Thanks for the explanation. I will live with the open Firewall, and
look at the ipfw docs for writing a script.

Now I have a more "core" OpenMPI problem, which may be just
unfamiliarity on my part. I seem to have the environment variables
set up alright though - the code runs, but doesn't complete.

I have copied the "MPI Tutorial: The cannonical ring program" from
<http://www.lam-mpi.org/tutorials/>. It compiles and runs fine on the
localhost (one CPU, one or more MPI processes). If I copy it to a
remotehost, it does one round of passing the 'tag' then stalls. I
modified the print statements a bit to see where in the code it
stalls, but the loop hasn't changed. This is what I see happening:
1. Process 0 successfully kicks off the pass-around by sending the
tag to the next process (1), and then enters the loop where it waits
for the tag to come back.
2. Process 1 enters the loop, receives the tag and passes it on (back
to process 0 since this is a ring of 2 players only).
3. Process 0 successfully receives the tag, decrements it, and calls
the next send (MPI_Send) but it doesn't return from this. I have a
print statement right after (with fflush) but there is no output.
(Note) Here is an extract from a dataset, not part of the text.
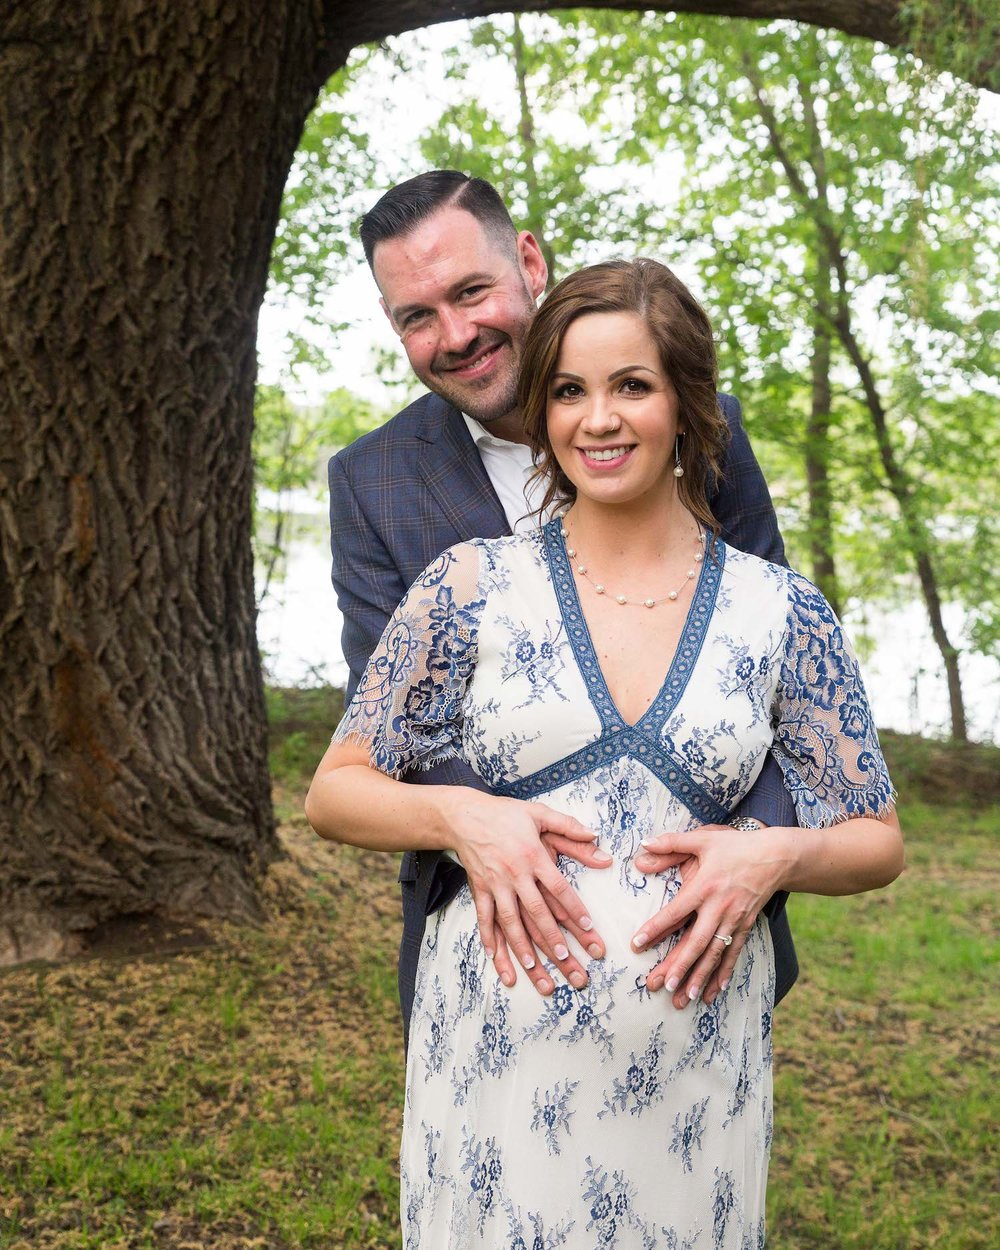 Cindyrella's Garden, pregnant bride in blue and white lace wedding dress, shotgun wedding
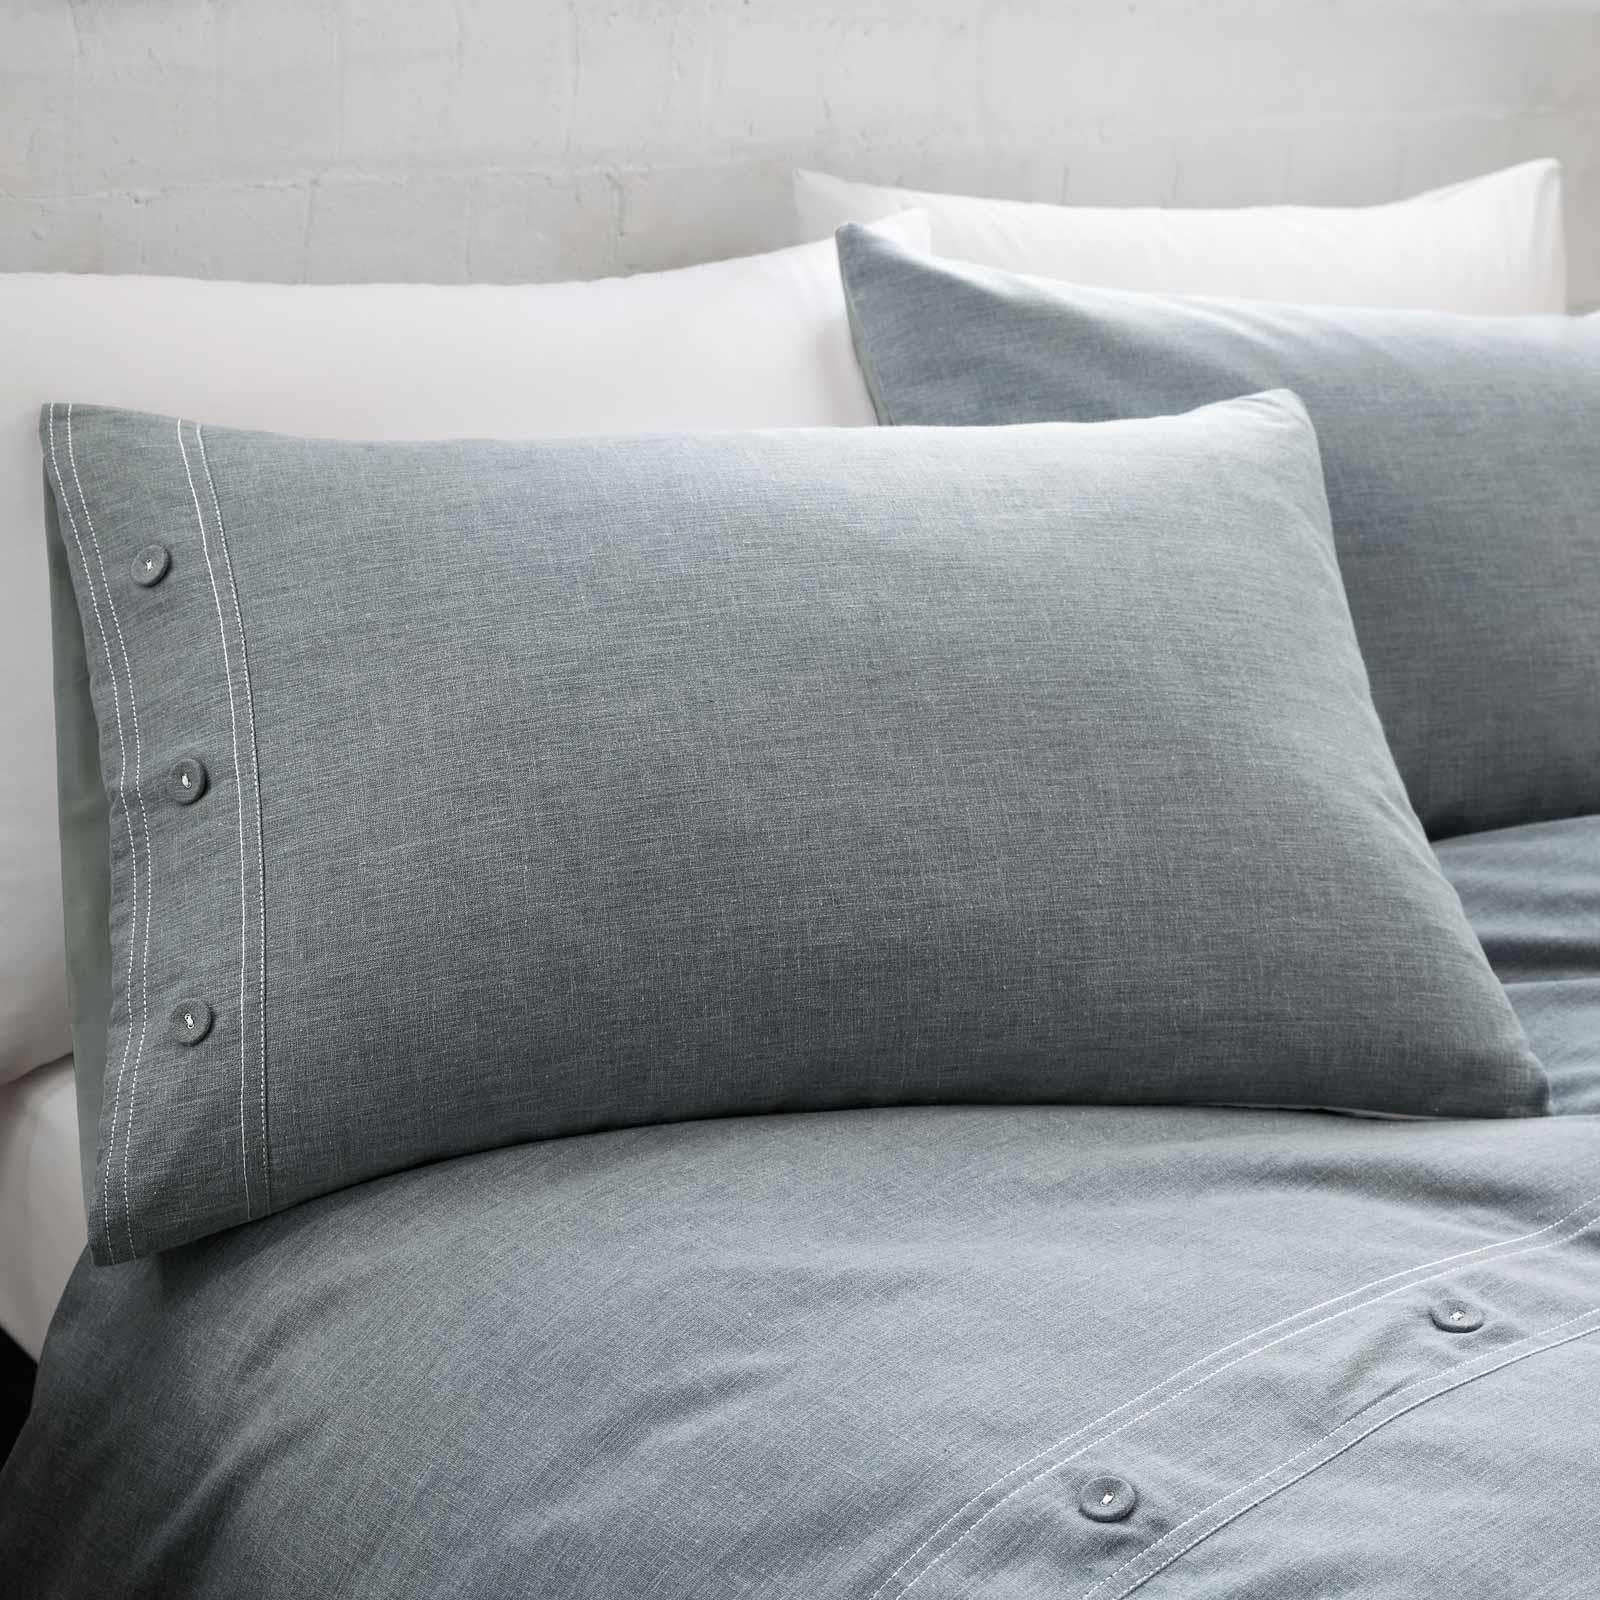 Azul-fundas-nordicas-Denim-Chambray-Boton-Detalle-de-lujo-cubierta-del-edredon-conjuntos-de-cama miniatura 16

The
CPU is maxed out on both the local and remote hosts, I assume some
kind of polling.
4. Needless to say, Process 1 never reports receipt of the tag.

Output (with a little re-ordering to make sense) is:
    mpirun --hostfile my_mpi_hosts --np 2 mpi_test1
    Process rank 0: size = 2
    Process rank 1: size = 2
    Enter the number of times around the ring: 5

    Process 0 doing first send of '4' to 1
    Process 0 finished sending, now entering loop

    Process 0 waiting to receive from 1

    Process 1 waiting to receive from 0
    Process 1 received '4' from 0
    Process 1 sending '4' to 0
    Process 1 finished sending
    Process 1 waiting to receive from 0

    Process 0 received '4' from 1
>>Process 0 decremented num
    Process 0 sending '3' to 1
    !---- nothing more - hangs at 100% cpu until ctrl-
    !---- should see "Process 0 finished sending"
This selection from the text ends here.